First, we will define a sequence of drop tolerances using the seq()
function.
# R chunk drop_tolerance <- seq(.03, .05, .0025) drop_tolerance [1] 0.0300 0.0325 0.0350 0.0375 0.0400 0.0425 0.0450 0.0475 0.0500
Next, we will create a function called outlier_mov_fun
that takes a data frame of returns, filters on a drop tolerance and gives us the mean return following large negative moves.

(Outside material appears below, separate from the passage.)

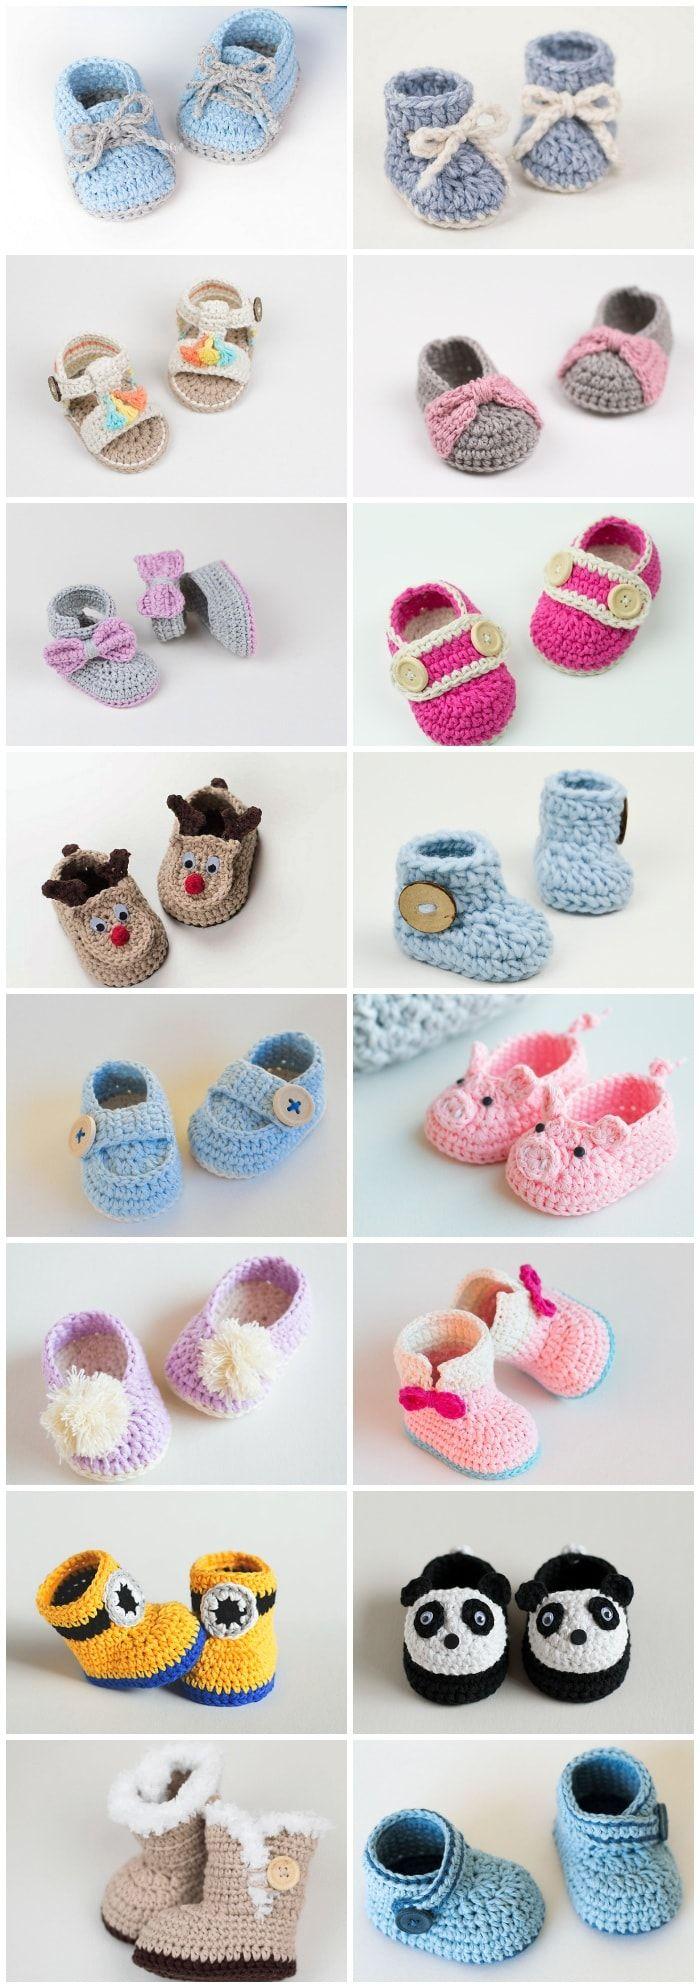 16 Free Crochet Baby Booties – Crochet Kingdom

# R chunk outlier_mov_fun <- function(drop_tolerance, returns) { returns %>% na.omit() %>% filter(sd_move < -3 & daily_returns_log < -drop_tolerance) %>% select(date, daily_returns_log, sd_move, next_day_returns) %>% summarise(mean_return = mean(next_day_returns) %>% round(6)) %>% add_column(drop_tolerance = scales::percent(drop_tolerance), .before = 1) %>% add_column(drop_tolerance_raw = drop_tolerance, .before = 1) }
Notice how that function takes two arguments: a drop tolerance and data frame of returns.
Next, we pass our sequence of drop tolerances, stored in a variable called drop_tolerance
to map_dfr()
, along with our function and our sp_500_returns
object. map_dfr
will iterate through our sequence of drops and apply our function to each one.
# R chunk map_dfr(drop_tolerance, outlier_mov_fun, sp_500_returns) %>% select(-drop_tolerance_raw) # A tibble: 9 x 2 drop_tolerance mean_return <chr> <dbl> 1 3% 0.00625 2 3% 0.00700 3 3% 0.00967 4 4% 0.0109 5 4% 0.0122 6 4% 0.0132 7 4% 0.0149 8 5% 0.0149 9 5% 0.0162
Have a quick glance up that the results of our Python while()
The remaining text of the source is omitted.